Instructions to follow: Give the data below again exactly, and drop each picture from it.

Provided data Start Marker

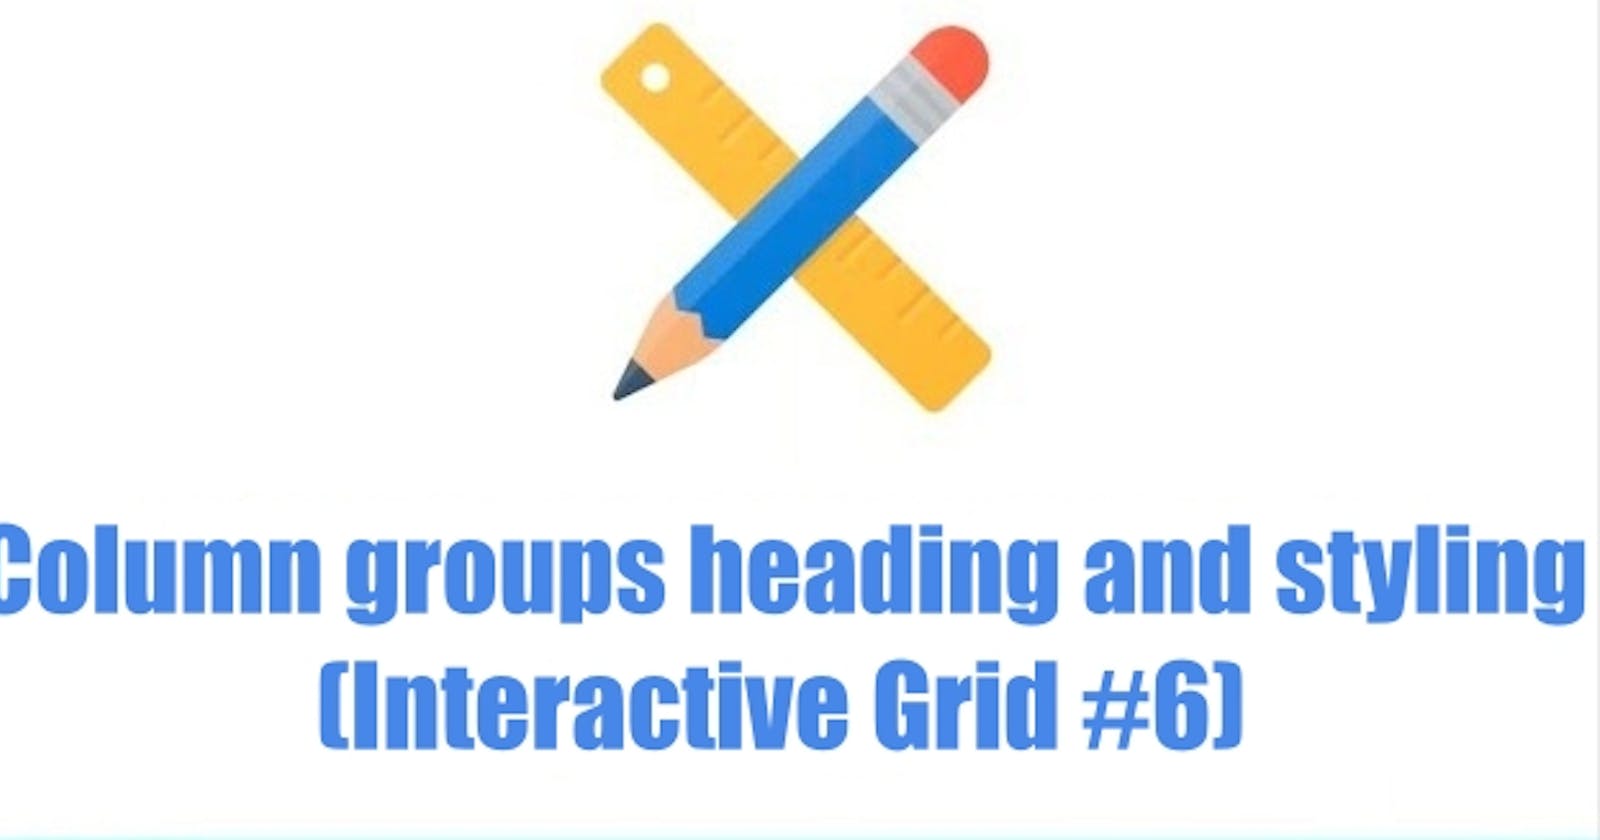 Column groups heading and styling (Interactive Grid #6)
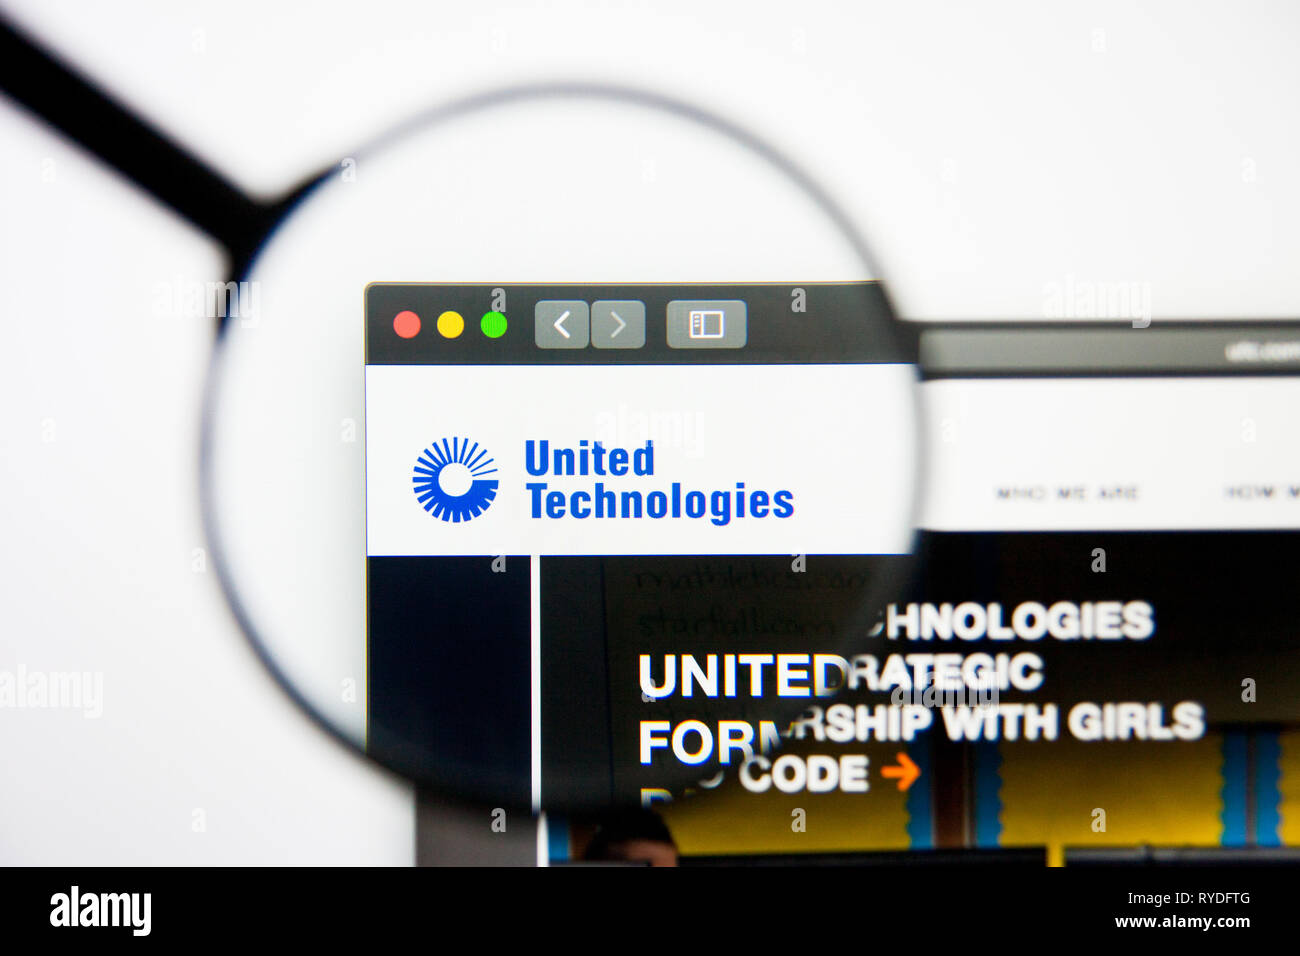 Los Angeles, California, USA - 5 March 2019: United Technologies website homepage. United Technologies logo visible on display screen, Illustrative Stock Photo
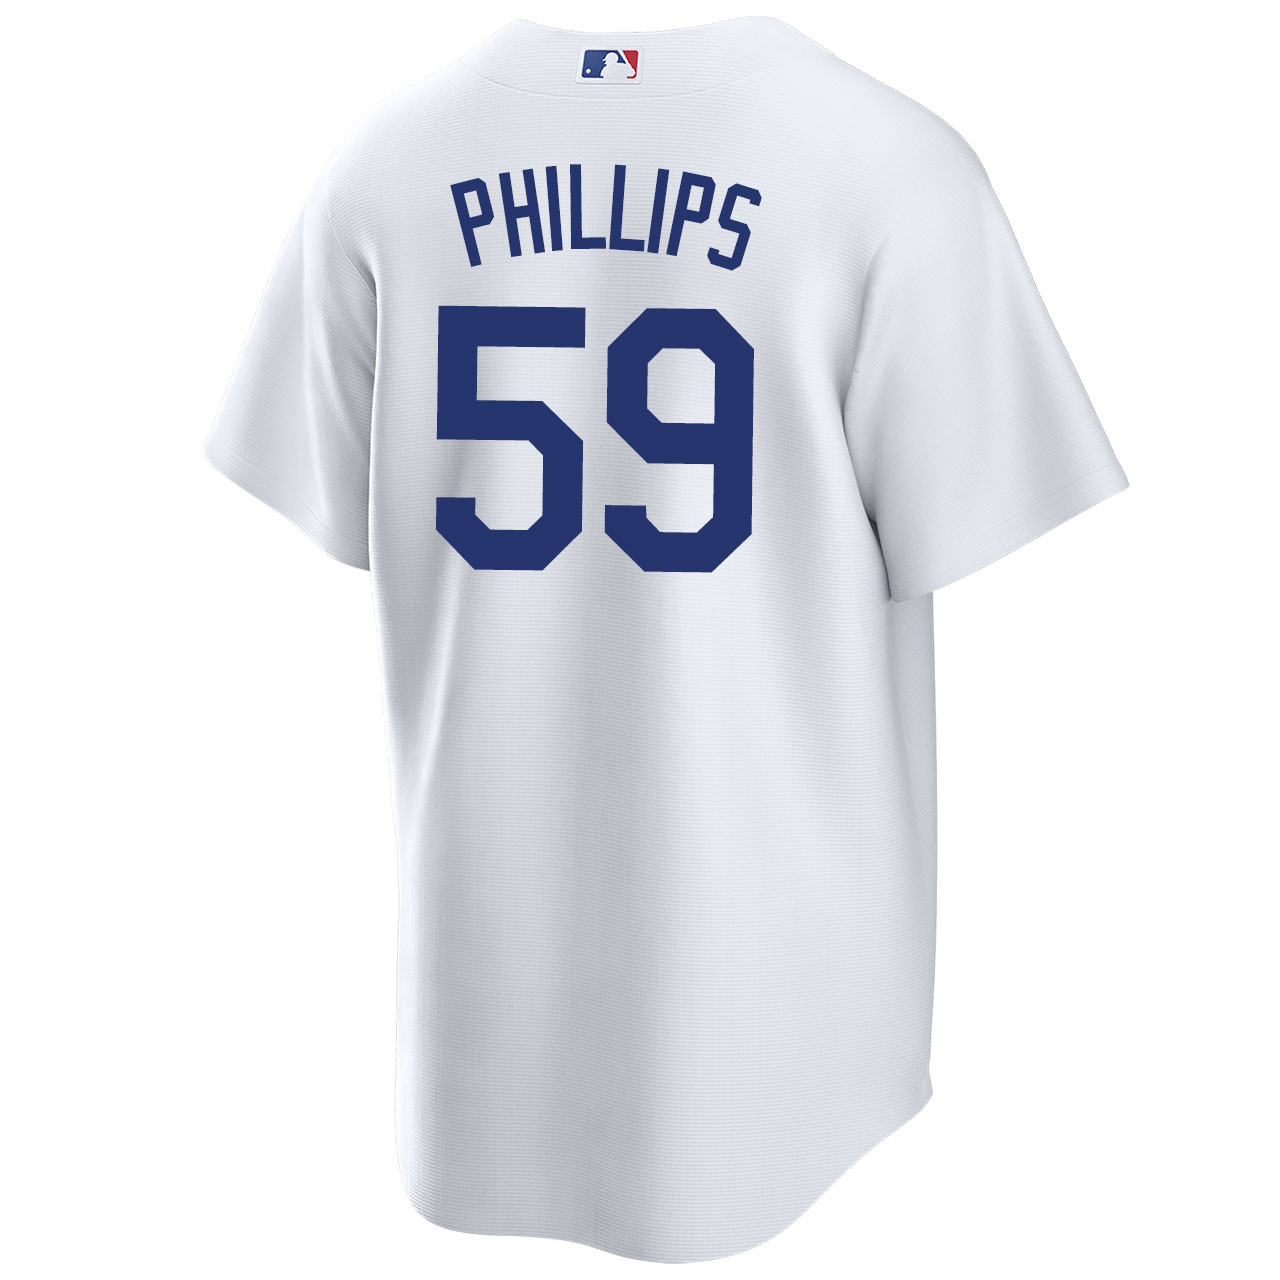 Evan Phillips Los Angeles Dodgers Home Jersey by NIKE

Provided data End Marker

Written reply:
 Column groups heading and styling (Interactive Grid #6)
 Los Angeles, California, USA - 5 March 2019: United Technologies website homepage. United Technologies logo visible on display screen, Illustrative Stock Photo
 Evan Phillips Los Angeles Dodgers Home Jersey by NIKE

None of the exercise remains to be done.